Stored entries
______________________________
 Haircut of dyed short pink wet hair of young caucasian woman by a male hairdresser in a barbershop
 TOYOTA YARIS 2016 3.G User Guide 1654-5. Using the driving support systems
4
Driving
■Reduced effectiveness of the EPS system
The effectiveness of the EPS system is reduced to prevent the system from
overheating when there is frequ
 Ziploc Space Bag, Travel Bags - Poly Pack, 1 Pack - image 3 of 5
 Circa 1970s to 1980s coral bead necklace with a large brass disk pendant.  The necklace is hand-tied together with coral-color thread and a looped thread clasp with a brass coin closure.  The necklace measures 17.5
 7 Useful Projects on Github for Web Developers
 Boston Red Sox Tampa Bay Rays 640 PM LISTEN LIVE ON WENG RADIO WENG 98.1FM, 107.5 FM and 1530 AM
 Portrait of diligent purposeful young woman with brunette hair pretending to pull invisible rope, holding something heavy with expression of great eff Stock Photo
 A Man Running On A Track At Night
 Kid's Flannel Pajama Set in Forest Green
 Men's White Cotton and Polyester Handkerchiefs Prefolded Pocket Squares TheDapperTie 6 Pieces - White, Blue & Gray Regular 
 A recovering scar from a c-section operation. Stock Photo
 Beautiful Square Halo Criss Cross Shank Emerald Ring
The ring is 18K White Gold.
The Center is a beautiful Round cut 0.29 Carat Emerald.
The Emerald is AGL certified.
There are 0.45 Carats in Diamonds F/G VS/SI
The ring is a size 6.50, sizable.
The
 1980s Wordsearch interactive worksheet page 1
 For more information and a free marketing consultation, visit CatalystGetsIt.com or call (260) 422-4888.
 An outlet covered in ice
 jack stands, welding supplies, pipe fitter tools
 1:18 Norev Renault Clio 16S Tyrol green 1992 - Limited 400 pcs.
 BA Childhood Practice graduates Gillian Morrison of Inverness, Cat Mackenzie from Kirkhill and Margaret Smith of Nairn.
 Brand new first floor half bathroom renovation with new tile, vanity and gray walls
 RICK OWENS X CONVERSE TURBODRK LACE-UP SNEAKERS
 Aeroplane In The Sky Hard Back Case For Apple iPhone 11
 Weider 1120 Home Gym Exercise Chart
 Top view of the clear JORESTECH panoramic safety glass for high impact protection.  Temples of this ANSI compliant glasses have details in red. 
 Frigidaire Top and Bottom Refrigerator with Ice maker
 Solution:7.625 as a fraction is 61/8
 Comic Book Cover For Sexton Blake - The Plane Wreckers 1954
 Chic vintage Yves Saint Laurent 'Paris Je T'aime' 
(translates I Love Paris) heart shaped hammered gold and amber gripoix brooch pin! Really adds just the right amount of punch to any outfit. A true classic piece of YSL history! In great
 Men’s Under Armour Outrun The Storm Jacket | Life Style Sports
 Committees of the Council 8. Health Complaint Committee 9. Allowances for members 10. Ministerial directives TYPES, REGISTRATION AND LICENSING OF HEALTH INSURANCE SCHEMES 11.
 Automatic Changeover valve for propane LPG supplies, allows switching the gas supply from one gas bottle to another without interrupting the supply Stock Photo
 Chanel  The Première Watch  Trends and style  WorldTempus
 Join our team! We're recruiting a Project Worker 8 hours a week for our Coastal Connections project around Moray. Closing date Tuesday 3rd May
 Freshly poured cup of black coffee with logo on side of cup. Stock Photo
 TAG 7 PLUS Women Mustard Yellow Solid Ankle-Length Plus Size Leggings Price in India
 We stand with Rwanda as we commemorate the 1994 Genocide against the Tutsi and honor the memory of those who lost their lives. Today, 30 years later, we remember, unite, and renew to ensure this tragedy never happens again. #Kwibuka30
______________________________
| DIRECTIONS |
Look above for the line with "For more information"; retype exactly that line, every line after it up to the line with "RICK OWENS X", and that line too, nothing else.

| YOUR SOLUTION |
 For more information and a free marketing consultation, visit CatalystGetsIt.com or call (260) 422-4888.
 An outlet covered in ice
 jack stands, welding supplies, pipe fitter tools
 1:18 Norev Renault Clio 16S Tyrol green 1992 - Limited 400 pcs.
 BA Childhood Practice graduates Gillian Morrison of Inverness, Cat Mackenzie from Kirkhill and Margaret Smith of Nairn.
 Brand new first floor half bathroom renovation with new tile, vanity and gray walls
 RICK OWENS X CONVERSE TURBODRK LACE-UP SNEAKERS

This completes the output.